«Вот кем мне следовало стать, — подумала она. — Кормилицей гекконов».
В окна били резкие неоновые лучи, плохо притворяющиеся лунными. Несколько недель назад, идя ночью по высокой залитой светом эстакаде, она невольно подслушала разговор двух велосипедистов. Один из них сказал другому: «Ис шехер мейн аб раат ка сахаара бхи нахин милта. В этом городе мы лишились даже уютного покрова ночи».
Она лежала неподвижно, как труп в морге.
У нее росли волосы.
Ногти на ногах тоже росли.
Волосы на голове были абсолютно седыми.
Треугольник волос между ног был черным, как смоль.
Что бы это могло
Старая она или еще молодая?
Жива она или уже мертва?
Потом, не повернув головы, она поняла, что они пришли — быки. Массивные головы с точеными рогами четкими силуэтами виднелись на фоне яркого света. Их было двое. Двое быков цвета темной ночи. Это был краденый цвет того, что когда-то считалось ночью. Грубые завитки обрамляли влажные лбы быков, словно камчатные платки. Влажные бархатистые носы блестели, пухлые фиолетовые губы шевелились, складываясь трубочкой. Быки не производили ни малейшего шума. Они никогда не причиняли Тило вреда — только смотрели на нее. Белки их глаз, с любопытством заглядывающих в комнату, напоминали лунные полумесяцы. Тем не менее они не казались ни чересчур любопытными, ни чересчур мрачными. Они были похожи на врачей, которые у постели больного решают, какой диагноз ему поставить.

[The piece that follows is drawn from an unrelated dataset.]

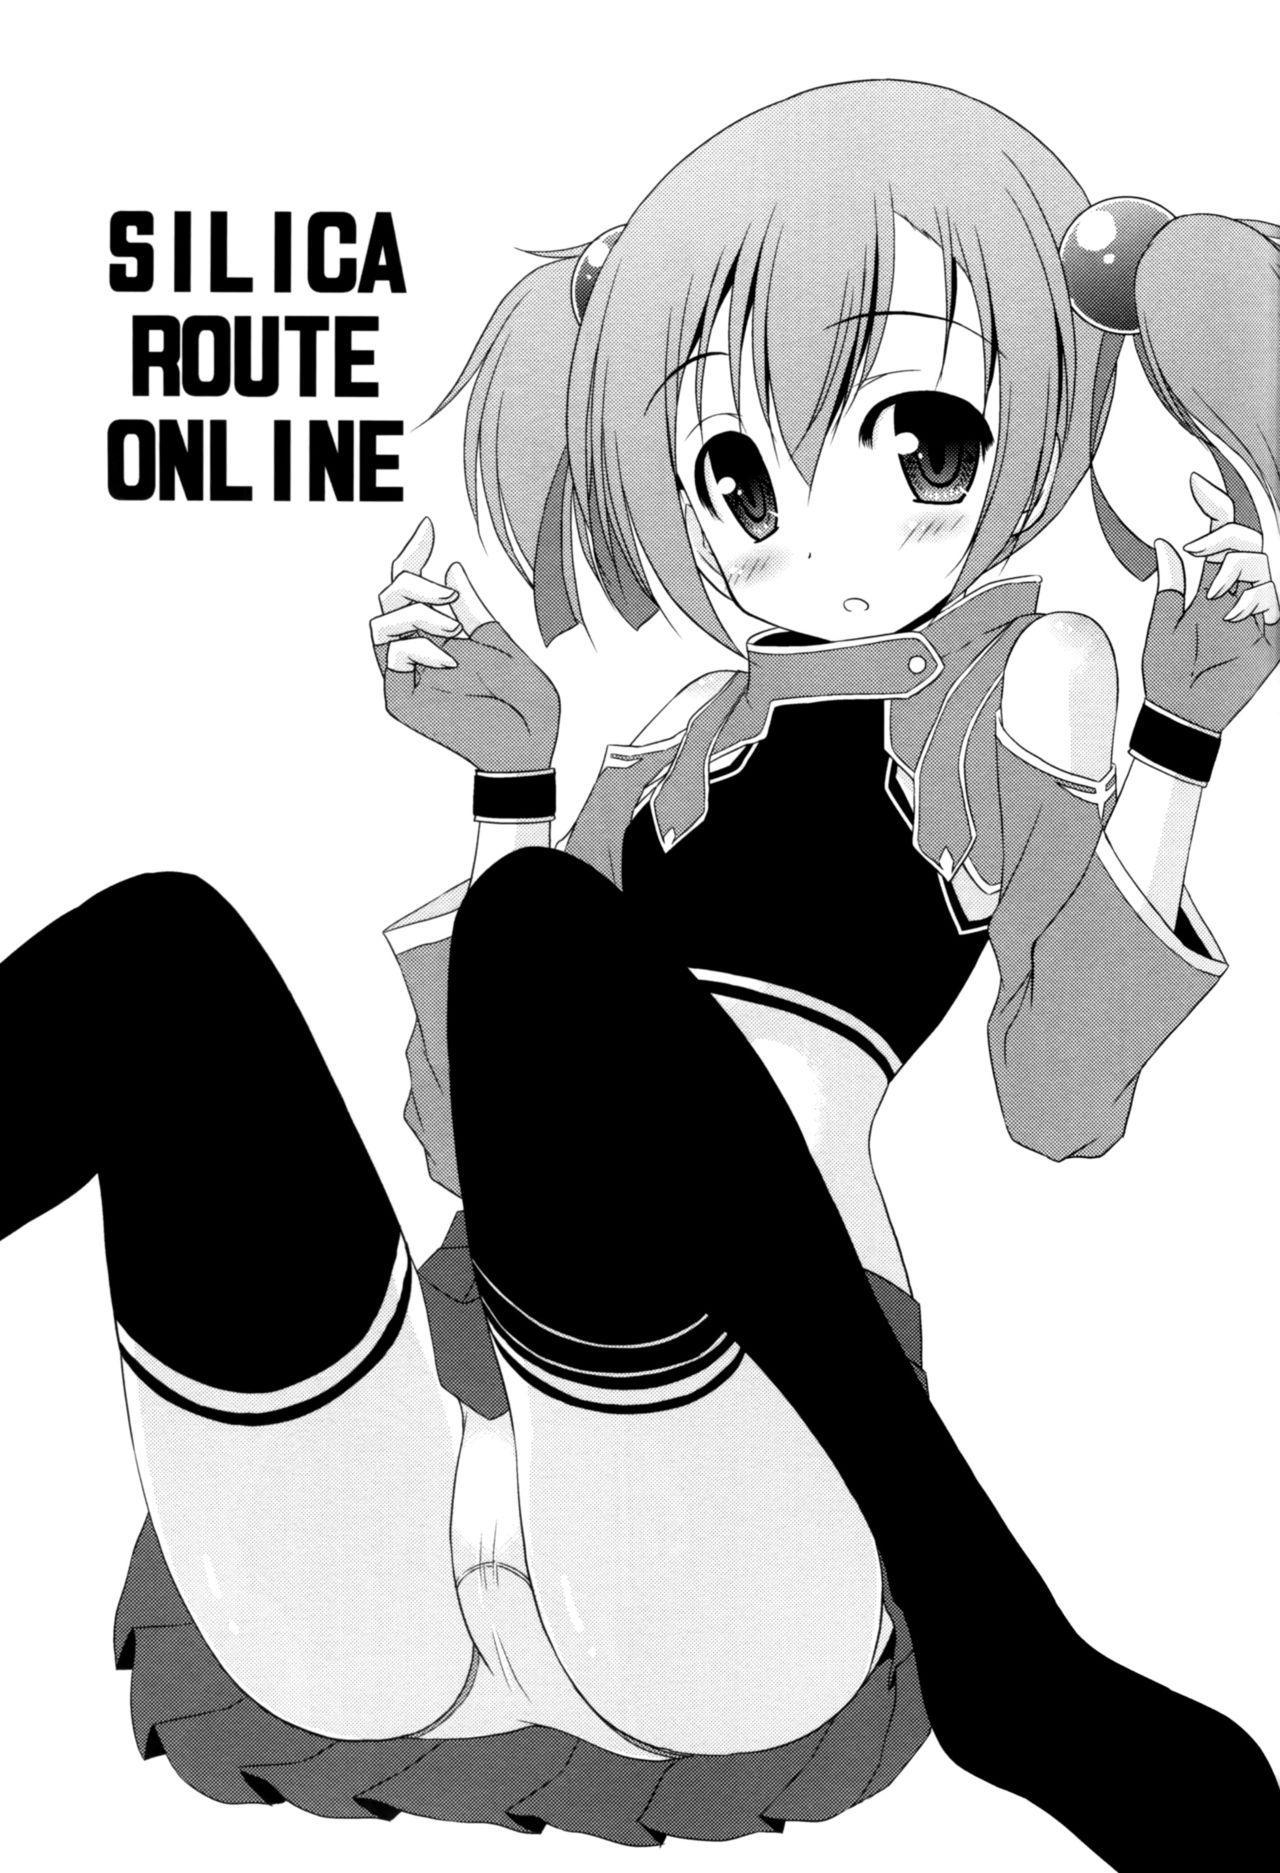 Cougars Silica Route Online - Sword art online Duro - Page 2

«Вы снова забыли дома свой стетоскоп?»
В присутствии быков время меняло свой бег. Тило не могла бы сказать, как долго быки стояли у окна. Она даже не взглянула в их сторону. Она поняла, что быки ушли, только после того, как они перестали заслонять льющийся в комнату свет.
Убедившись, что быки ушли, Тило встала, подошла к окну и долго смотрела, как уменьшались их удаляющиеся фигуры. Городские жулики. Пара ночных хулиганов. Один из них, проходя мимо припаркованной у обочины машины, поднял ногу, как пес, и помочился на окно автомобиля. Как очень большой пес. Она включила свет и поискала в словаре значение слова «insouciant». В словаре было сказано: «Радостное неведение относительно чего-либо». Словари всегда высокой горой громоздились возле ее изголовья.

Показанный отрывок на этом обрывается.